What follows is a listing to transcribe exactly, leaving the pictures out.

→ **RECORDED INFORMATION**:
- Opening Delimiter -

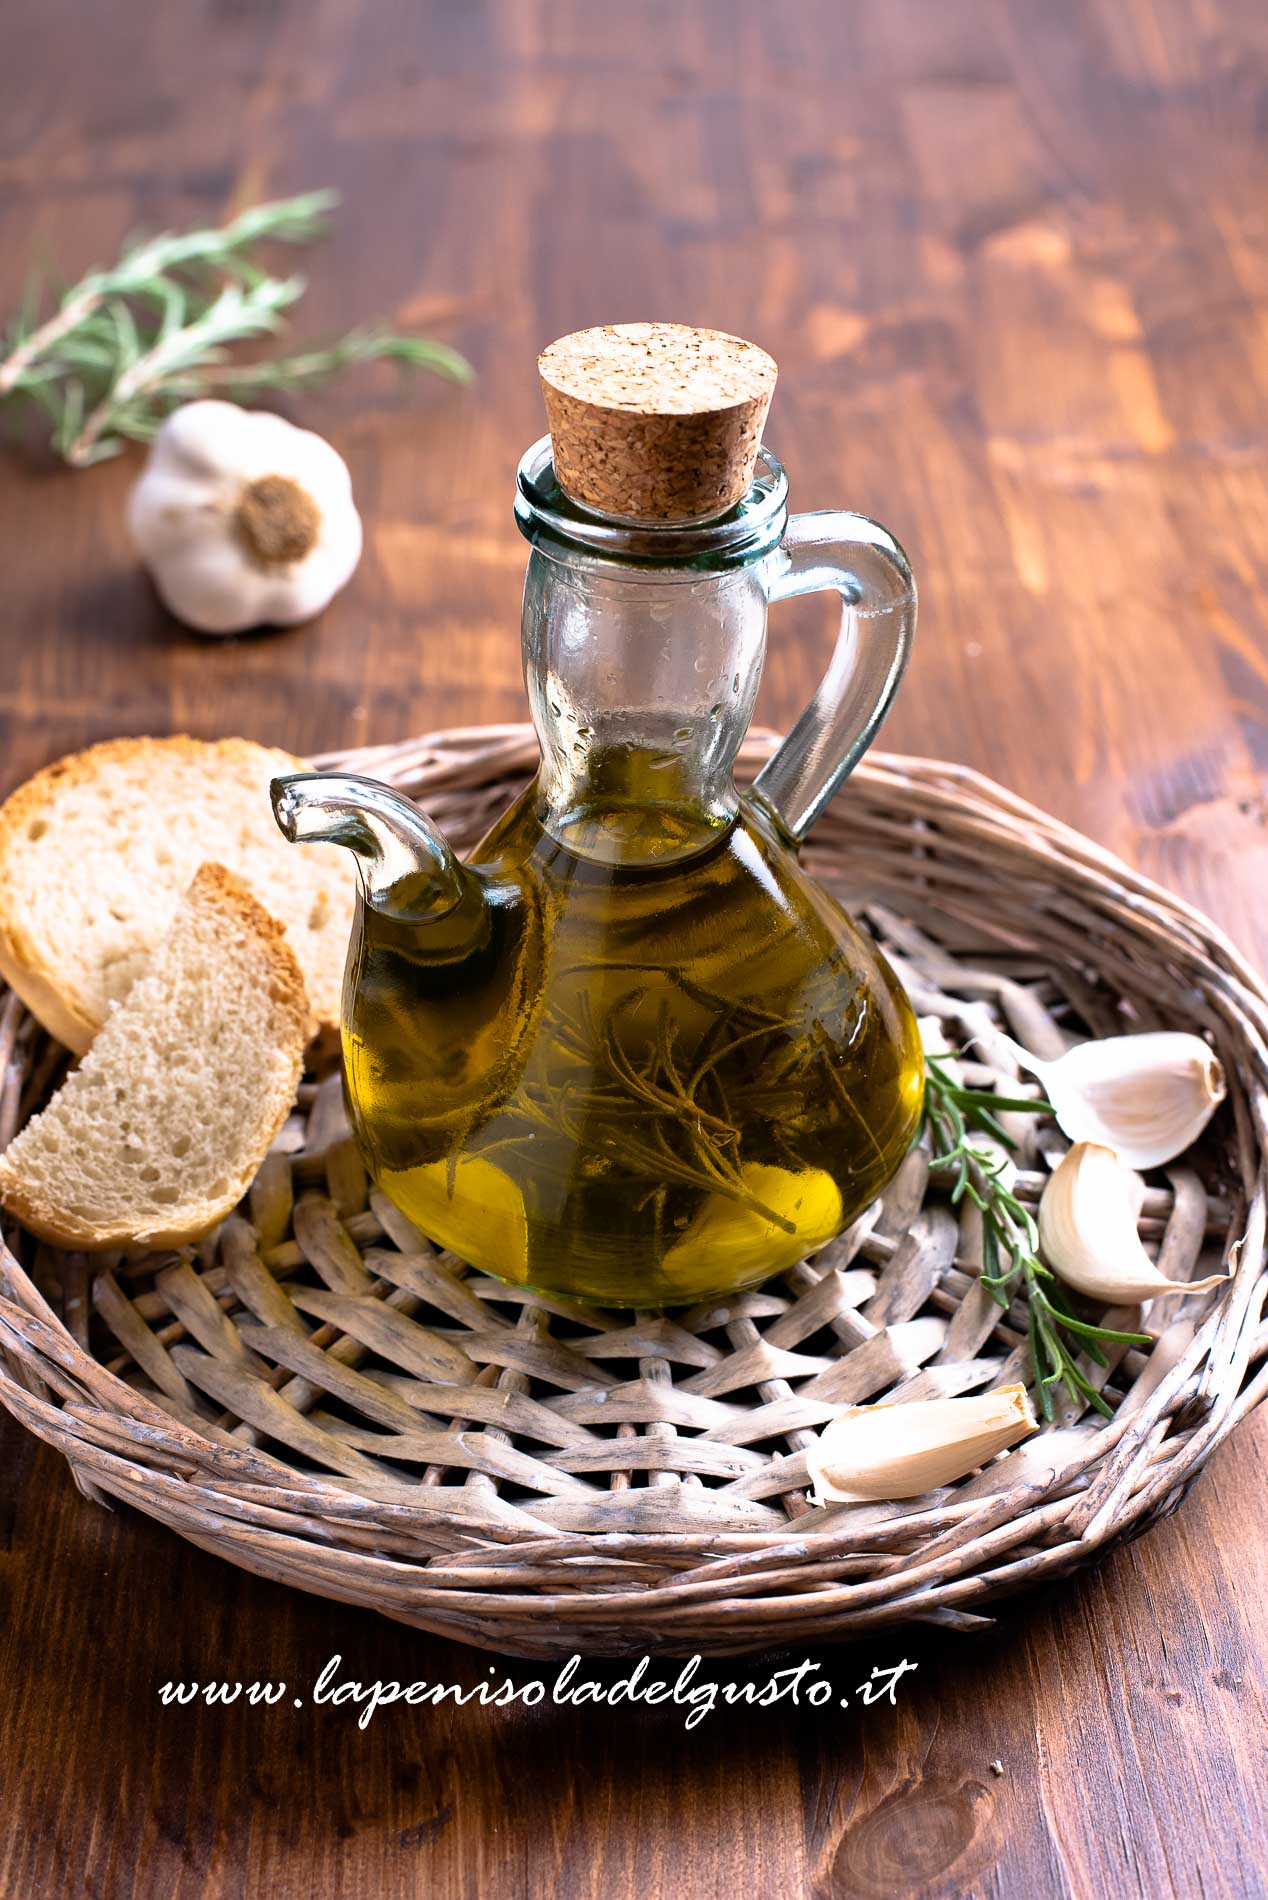 olio all aglio peperoncino fatto in casa rosmarino erbe aromatiche come preparare olio aromatizzato ricetta mediterranea
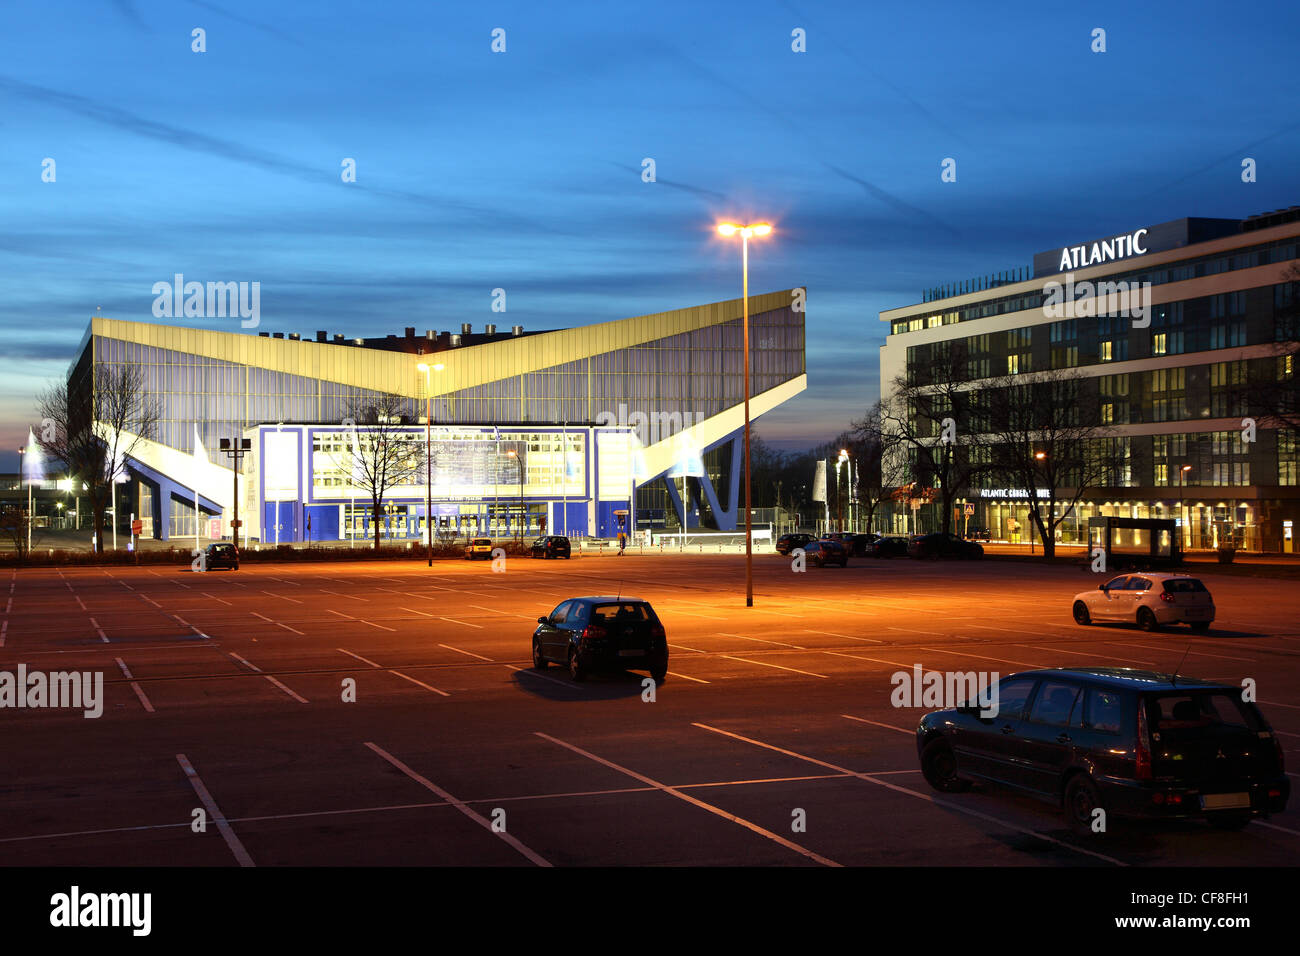 Grugahalle, un evento, concierto, music hall y Atlantic Congress Hotel. Essen, Alemania. Foto de stock
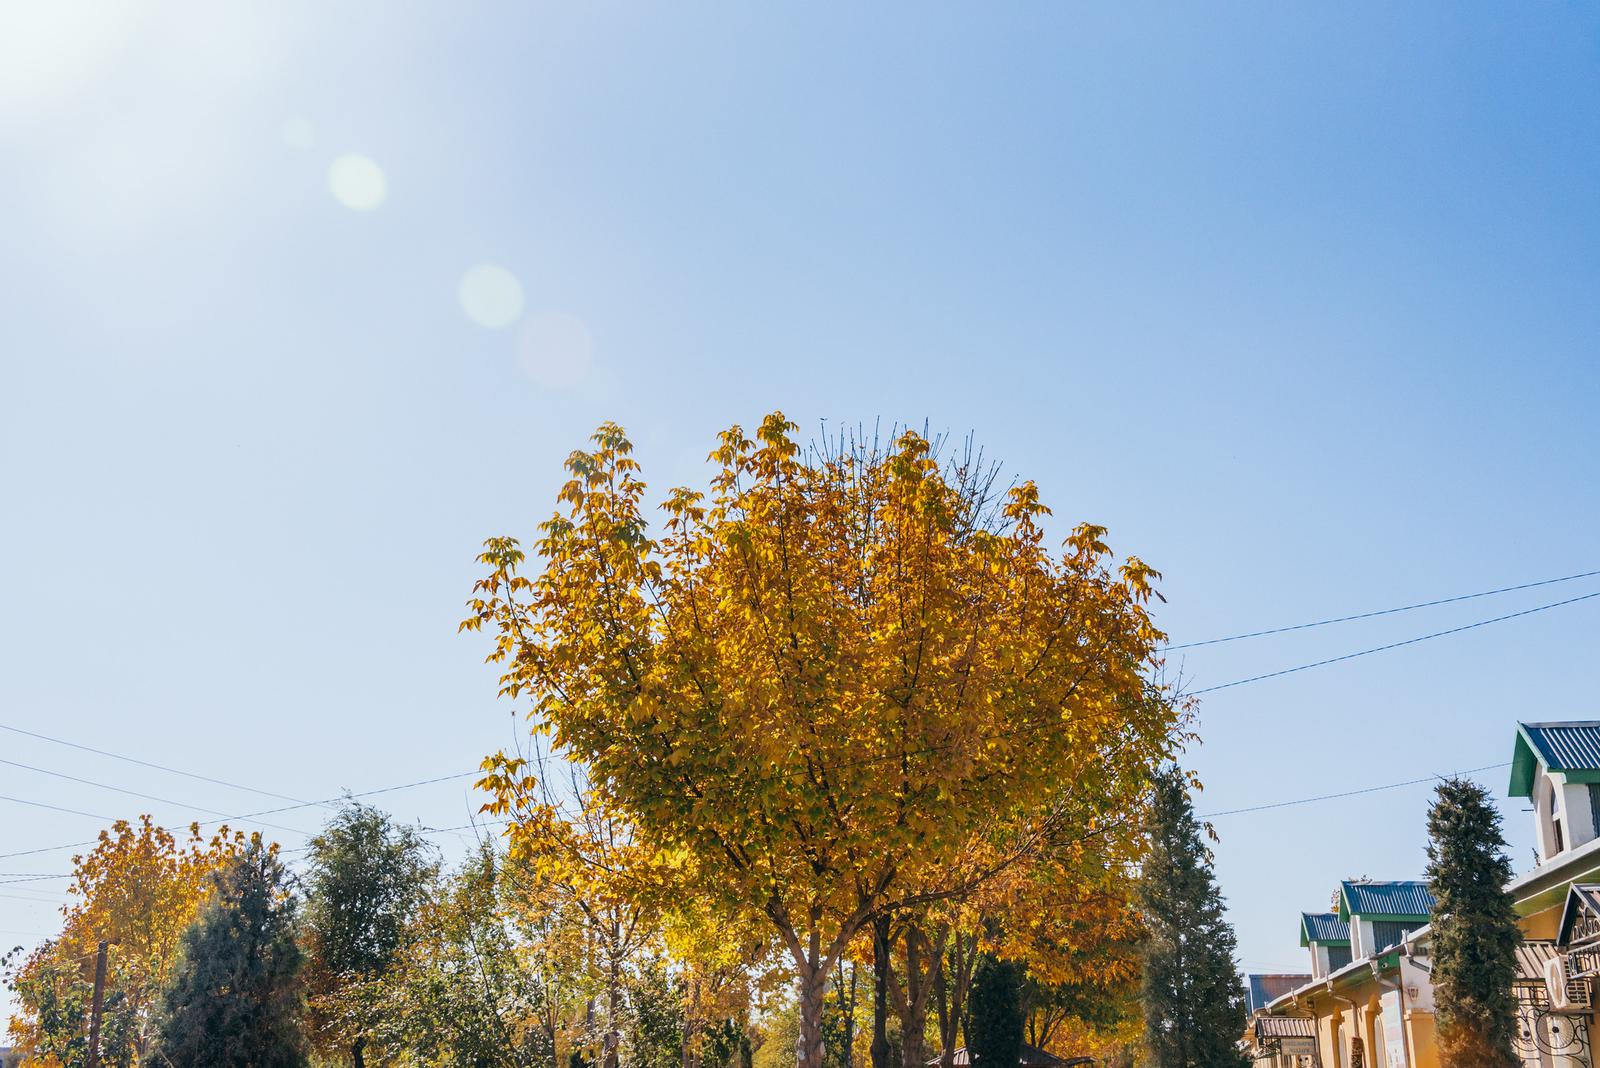 A Golden Tree in Bustan

- Closing Delimiter -

→ **TASK RESULT**:
 olio all aglio peperoncino fatto in casa rosmarino erbe aromatiche come preparare olio aromatizzato ricetta mediterranea
 Grugahalle, un evento, concierto, music hall y Atlantic Congress Hotel. Essen, Alemania. Foto de stock
 A Golden Tree in Bustan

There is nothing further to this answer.